The solution to that paradox, it turns out, is a trick that requires you to own at least two Apple devices. Each one emits a constantly changing key that nearby Apple devices use to encrypt and upload your geolocation data, such that only the other Apple device you own possesses the key to decrypt those locations.


Short summary:

  1. At setup, Find My generates private key shared to all your Apple devices.
  2. The private key generates a perpetual sequence of public keys. These change (iterates to the next) “frequently”.
  3. The rotating public key is shared across all (including other people’s) Apple devices via Bluetooth and can even do this when it’s off.
  4. The shared scheme pings to Apple’s central system and uploads A. hashes of the public keys in the area and B. the location.
  5. When you try to find a device you send your hashed public key to Apples server and they return the last picked up location (encrypted). (You thus need at least 2 Apple devices, one to find the other. Also, they don’t say how the previously iterated public keys are remembered.)

Matthew Green (Hacker News):

The idea of the new system is to turn Apple’s existing network of iPhones into a massive crowdsourced location tracking system.

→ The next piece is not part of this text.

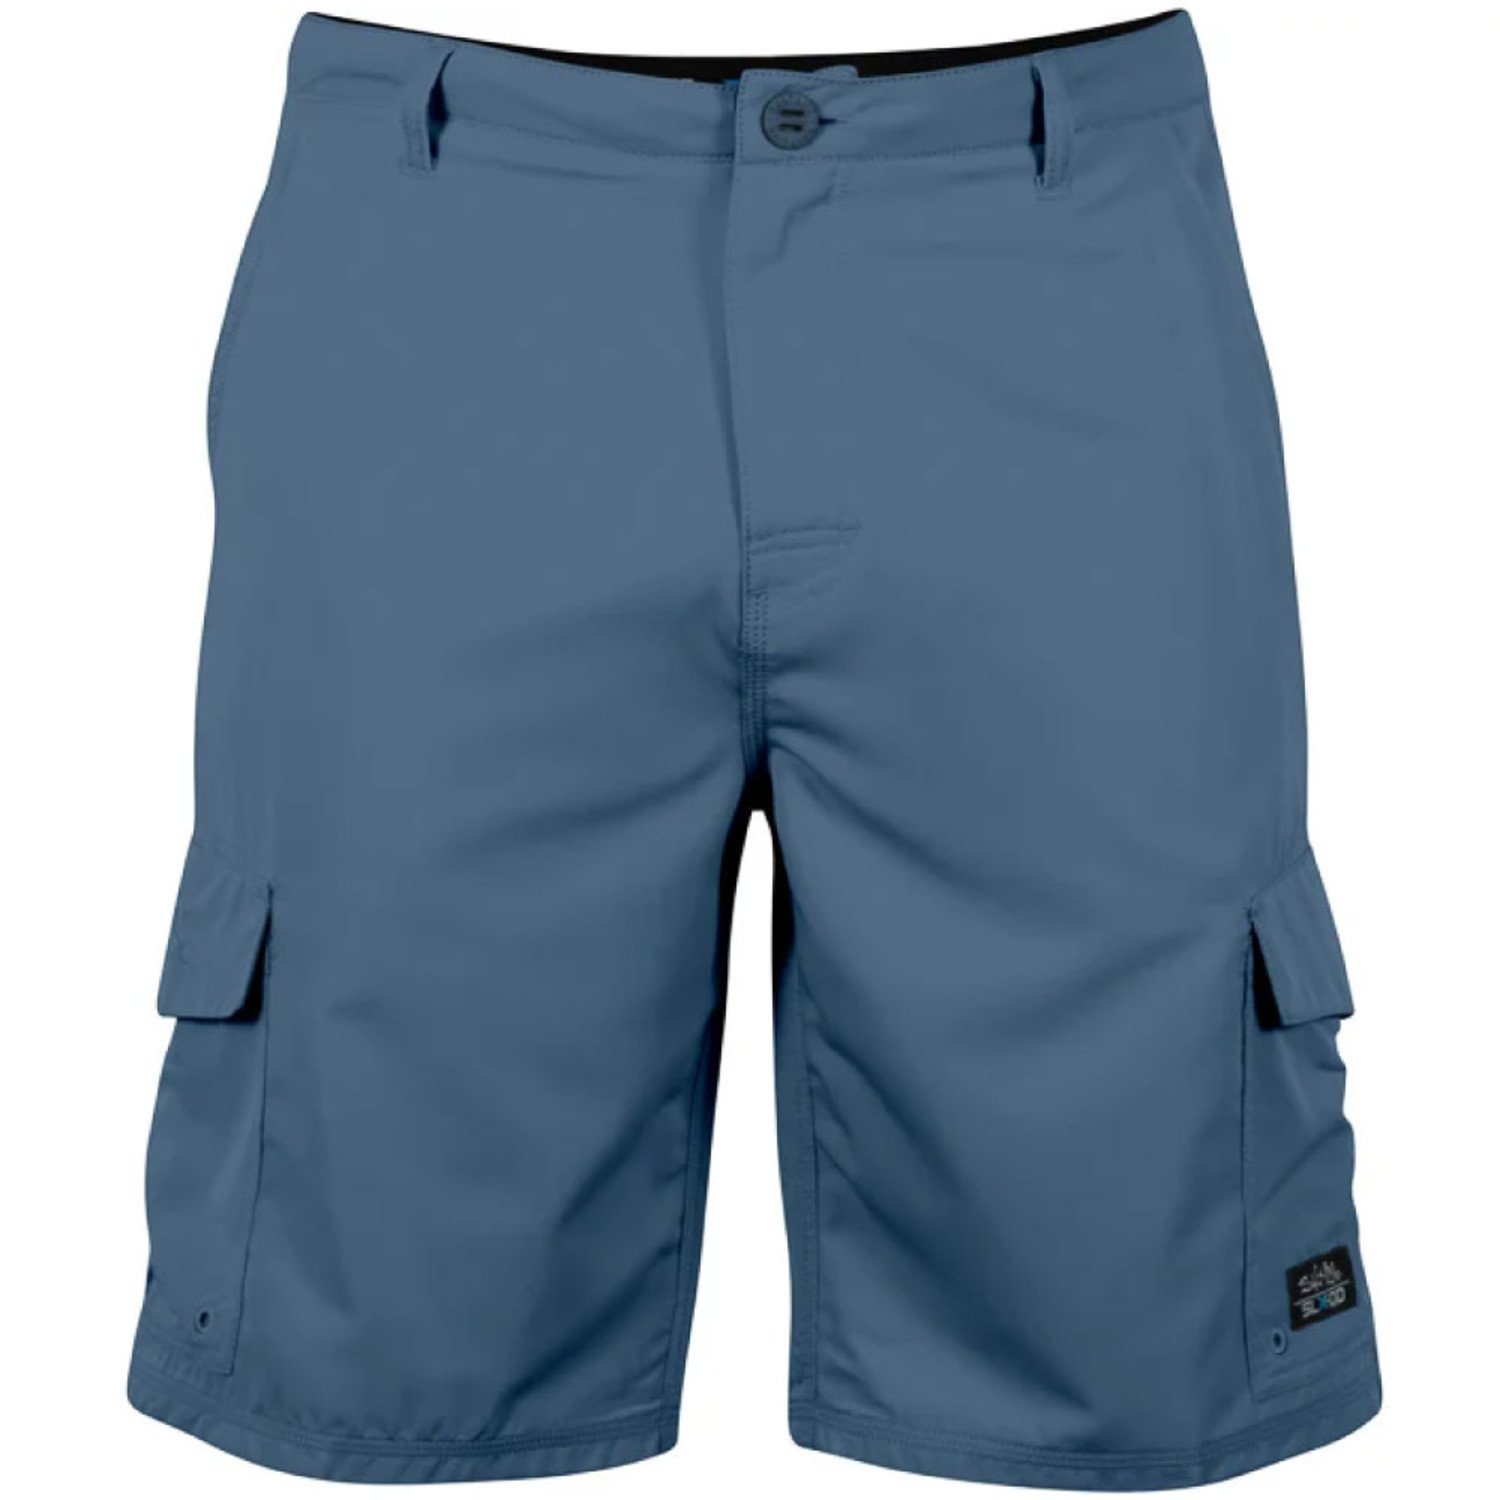 Salt Life Men's La Vida Fishing Board Shorts, Size 40, Grey

Every active iPhone will continuously monitor for BLE beacon messages that might be coming from a lost device. When it picks up one of these signals, the participating phone tags the data with its own current GPS location; then it sends the whole package up to Apple’s servers.


(It’s worth mentioning that Apple didn’t invent this idea. In fact, companies like Tile have been doing this for quite a while. And yes, they should probably be worried.)


The good news is that Apple claims that their system actually does provide strong privacy, and that it accomplishes this using clever cryptography. But as is typical, they’ve declined to give out the details how they’re going to do it. Andy Greenberg talked me through an incomplete technical description that Apple provided to Wired, so that provides many hints. Unfortunately, what Apple provided still leaves huge gaps. It’s into those gaps that I’m going to fill in my best guess for what Apple is actually doing.


The nasty thing about this problem setting is that, with many weird edge cases, there just isn’t a perfect solution. For example, what if Timmy is evil and wants to make Lassie reveal her location to Apple? What if Old Man Smithers tries to kidnap Lassie?